Leukemias bearing CRLF2 and JAK2 gene alterations are characterized by aberrant JAK/STAT signaling and poor prognosis. The HDAC inhibitor givinostat/ITF2357 has been shown to exert anti-neoplastic activity against both systemic juvenile idiopathic arthritis and myeloproliferative neoplasms through inhibition of the JAK/STAT pathway. These findings led us to hypothesize that givinostat might also act against CRLF2-rearranged BCP-ALL, which lack effective therapies. Here, we found that givinostat inhibited proliferation and induced apoptosis of BCP-ALL CRLF2-rearranged cell lines, positive for exon 16 JAK2 mutations. Likewise, givinostat killed primary cells, but not their normal hematopoietic counterparts, from patients carrying CRLF2 rearrangements. At low doses, givinostat downregulated the expression of genes belonging to the JAK/STAT pathway and inhibited STAT5 phosphorylation. In vivo, givinostat significantly reduced engraftment of human blasts in patient-derived xenograft models of CRLF2-positive BCP-ALL. Importantly, givinostat killed ruxolitinib-resistant cells and potentiated the effect of current chemotherapy.
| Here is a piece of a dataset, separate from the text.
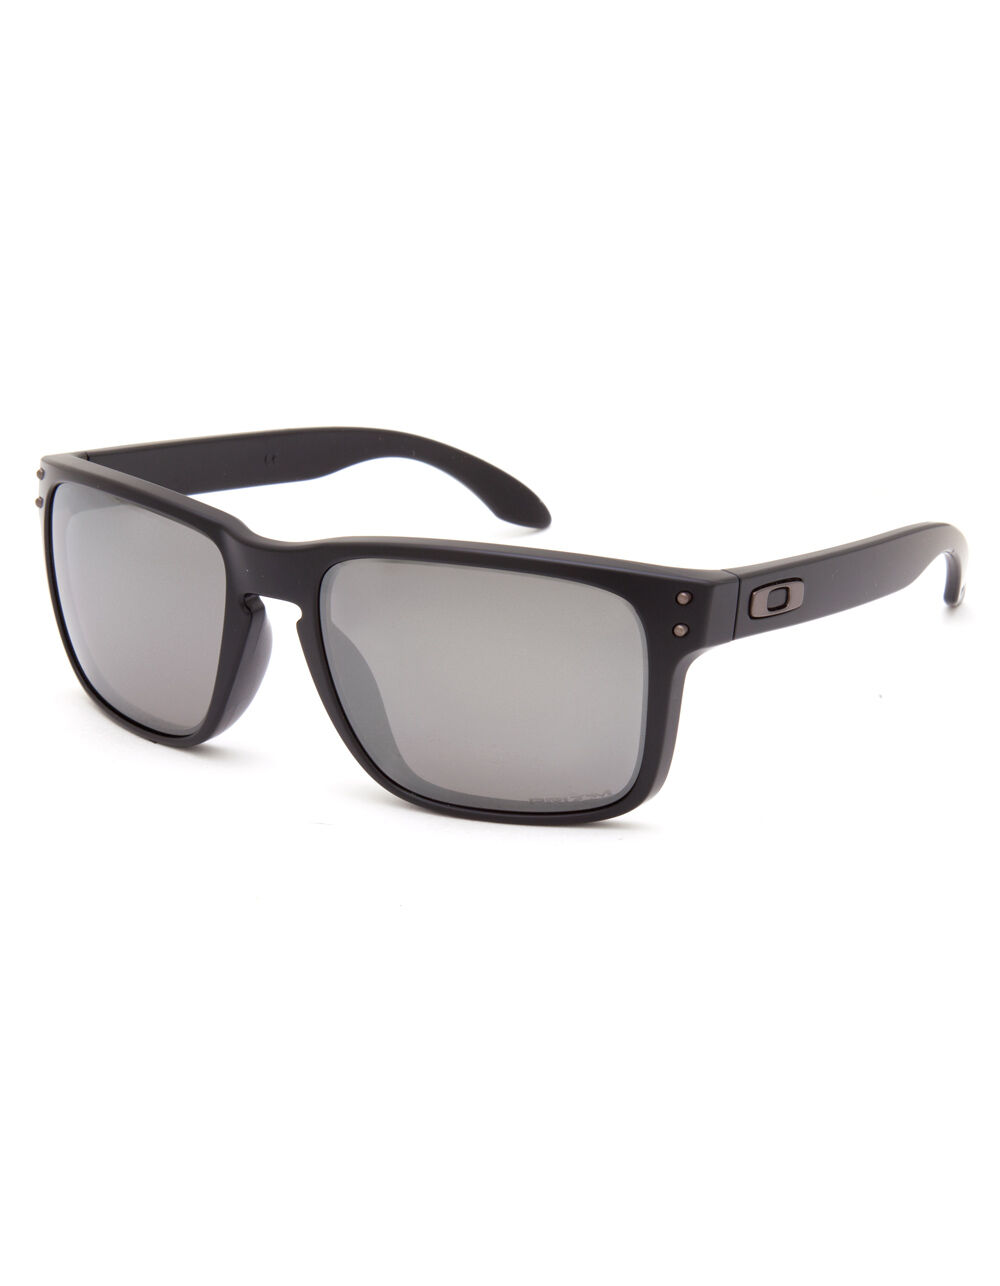 Oakley Holbrook Polarized Sunglasses - Matte Black/Prizm Black Polarized - OO9102-D6

Thus, givinostat in combination with conventional chemotherapy may represent an effective therapeutic option for these difficult–to-treat subsets of ALL. Lastly, the selective killing of cancer cells by givinostat may allow the design of reduced intensity regimens in CRLF2-rearranged Down syndrome-associated BCP-ALL patients with an overall benefit in terms of both toxicity and related complications.